I think provisioning systems and managing the content to be
provisioned to those systems are separate tasks. I could see a
benefit to having a UI workflow that pulls together pieces of each
integrated in one UI, but managing a software distribution and
provisioning systems are still separate tasks and I think presenting
the intricacies of both all together in one UI might be a bit
overwhelming.
It's blurred. Provisioning essentially means "giving out resources",
so not only can distributions be provisioned, but also packages, also
things like IP addresses and hostnames (which cobbler also does if so
configured).
Sure, that makes sense. I suspect, though, that there are a lot of
intricacies to cobbler-provisioning that are maybe too detailed or
in-depth or not commonly-used for the sort of workflow I was
envisioning that pulp could support. I just worry about the interface
getting too crowded and complex for what should be a simple workflow
that just happens to span a few different types of tasks, you know?

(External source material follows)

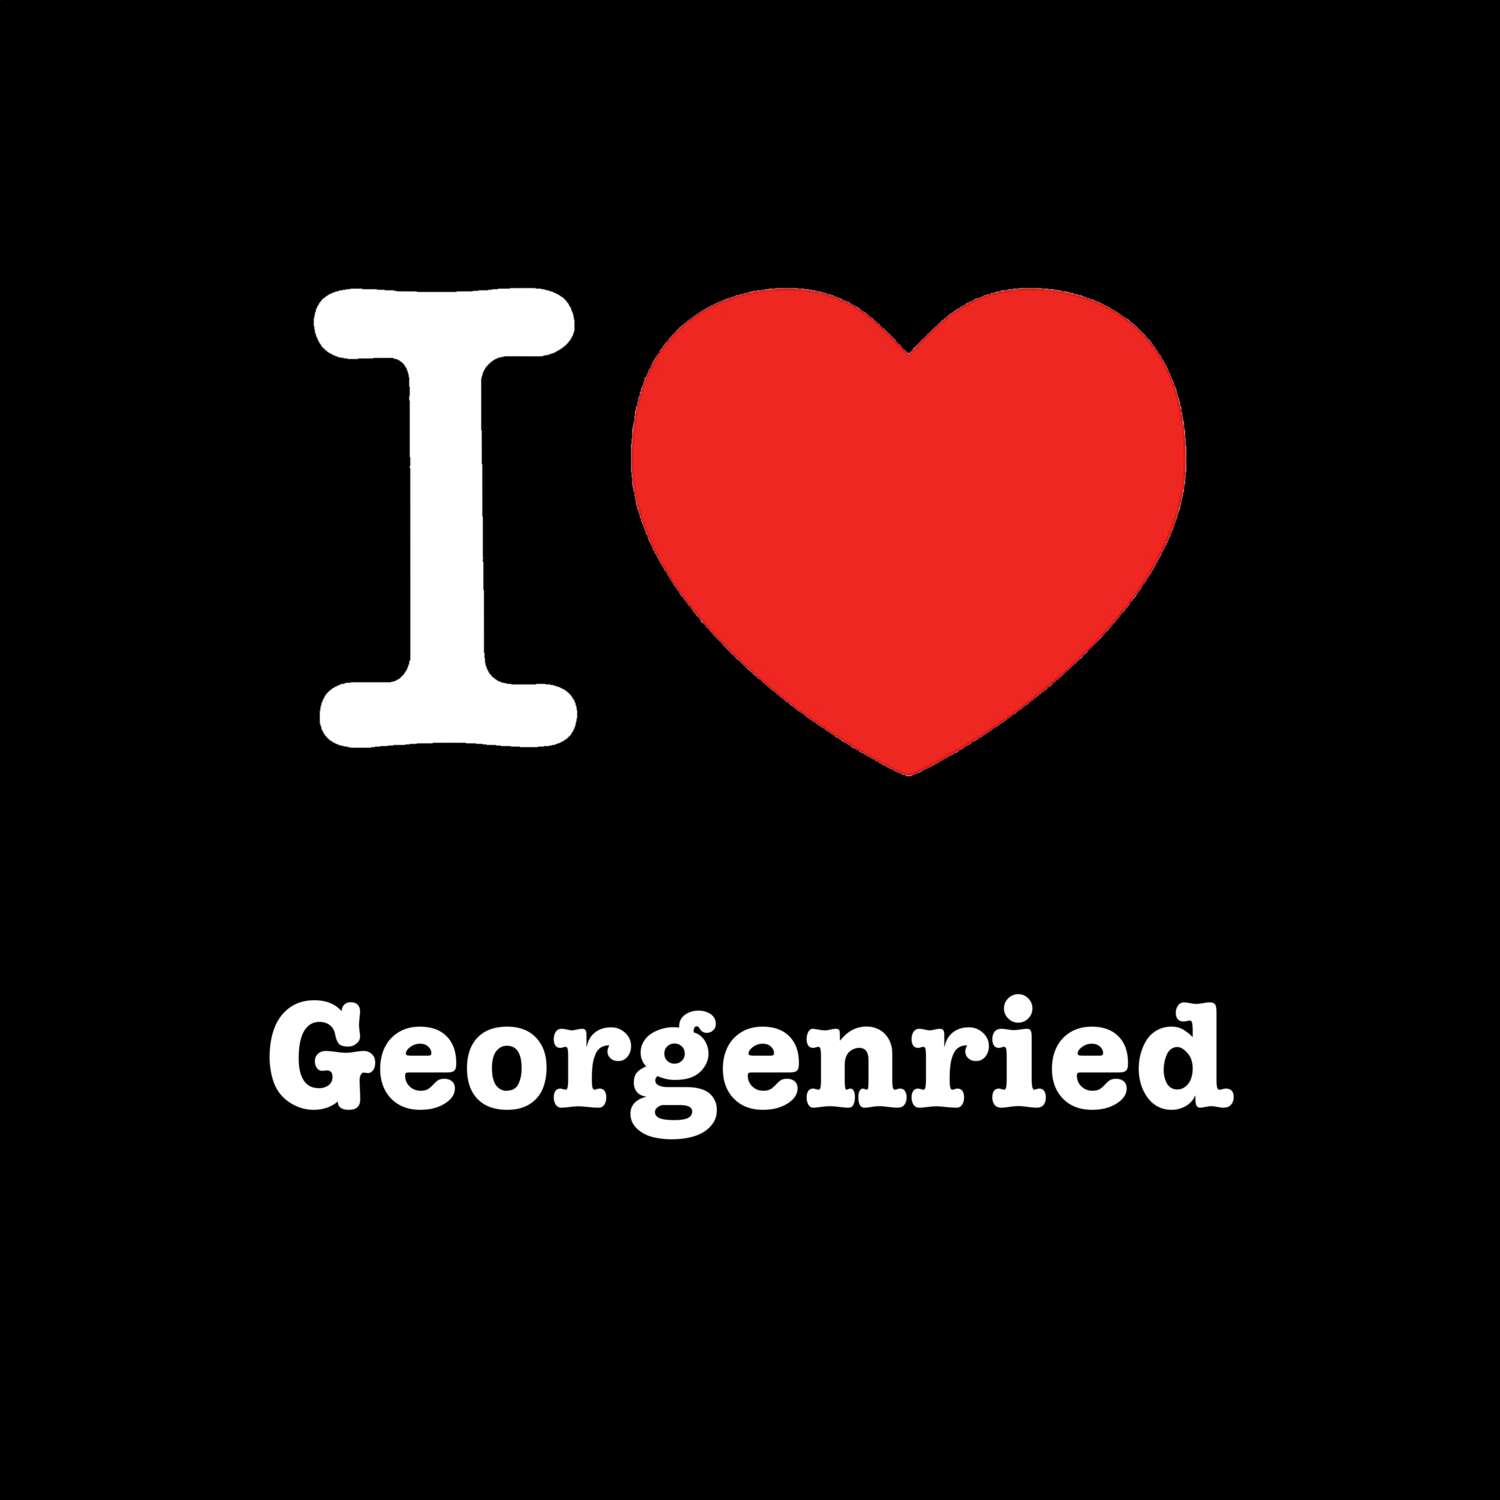 Georgenried T-Shirt »I love«

I have some ideas about that about expressing simpler views for some of
our larger users -- this is all about allowing users who just own
certain systems to just access the bits they need without seeing the
additional complexity. Yes, I agree, there are starting to be too many
fields in there.
Maybe it would help to analogize what I mean: if I just want to make a
peanut butter sandwich, I don't need to be offered an apron, french
chopping knife, a 36-inch long cutting board, and a food processor to
do so. I mean, maybe the food processor would be handy if I wanted to
shell and crush the peanuts and make freshly made peanut butter for my
sandwich, but that's definitely a path less travelled :) But if I'm
Martha Stewart making a Thanksgiving feast, then at least some of
those tools probably are absolutely essential. Is the type of person
who makes PB&J and mac&cheese going to be able to do so with a Martha
Stewart kitchen (TM)? Yeh, but it might be a lot more
confusing/complicated for them ("which knife do i use?" "what does
this tool do?") And it's not a simple vs complex dichotomy, add a
cafeteria chef into the mix who cooks for 500 people a day, and he'll
have a third separate workflow from myself and Martha and maybe needs
even more different tools.
I generally prefer to make tools that allow people to define their own
workflows, very much in the LEGO (TM) building block vein. If you don't
want to use the green blocks, it's okay :)
Either way I don't see what is there as being that complex, and I'm open
to making them simpler however we can.
.. snip ...
So I was thinking that maybe pulp could be a UI geared to the
current Satellite
build-your-distro-push-it-out-to-systems-and-update-your-distro-and-update-those-systems
workflow that Satellite (and Spacewalk :) ) users go through today.
This isn't to say there aren't other workflows that would use
either/or or both the repo management bits and cobbler, but pulp
would be an interface specifically geared towards the common
Satellite/Spacewalk workflow we know so well from working with and
going out and interviewing customers of the Satellite product.
If it's geared to that workflow, why is it not part of Spacewalk? I
think that package management (RPMs) is the core use of Spacewalk
today ... with the other features as being very useful but kind of a
"bonus". So maybe it could be just done as upgrades to that project
if it's more about that workflow?
Well, I do think there was some thought to it eventually replacing
Spacewalk. I am not sure if a 'clean slate' is needed there or not. If
cobbler is getting integrated into spacewalk, does that make spacewalk
the horse that ate the dog (cobbler) that ate the cat (pulp?) that ate
the mouse (my sanity?)
Not sure, but perhaps there is a hole in my bucket.
Either way, cobbler's repo stuff could remain the backend. I am less
interested in what happens with the Web details (they are very
important, don't get me wrong), but am mainly interested in seeing we
leverage available bits on the backend.
Seems reasonable :)
If Pulp would want to be a WebUI that supported the Cobbler API,
maybe that does make sense, but seeing the linkage that exists today
where we can associate profiles with repos in Cobbler, I like them
being together.
I'm not quite following this - you're saying you'd like pulp and
cobbler to be together, or you'd like the webui to be together with
cobbler?
I think I'm saying I'd like everything in Pulp to be added to Cobbler as
cobbler enhancements, just because cobbler's core (not so much the
webapp) already has what it takes to do most of the repo management, the
rest is extensible, and it integrates at API level with provisioning
already.
Perhaps the new webapp could have different perspectives for repos
versus installation, maybe that's a good solution?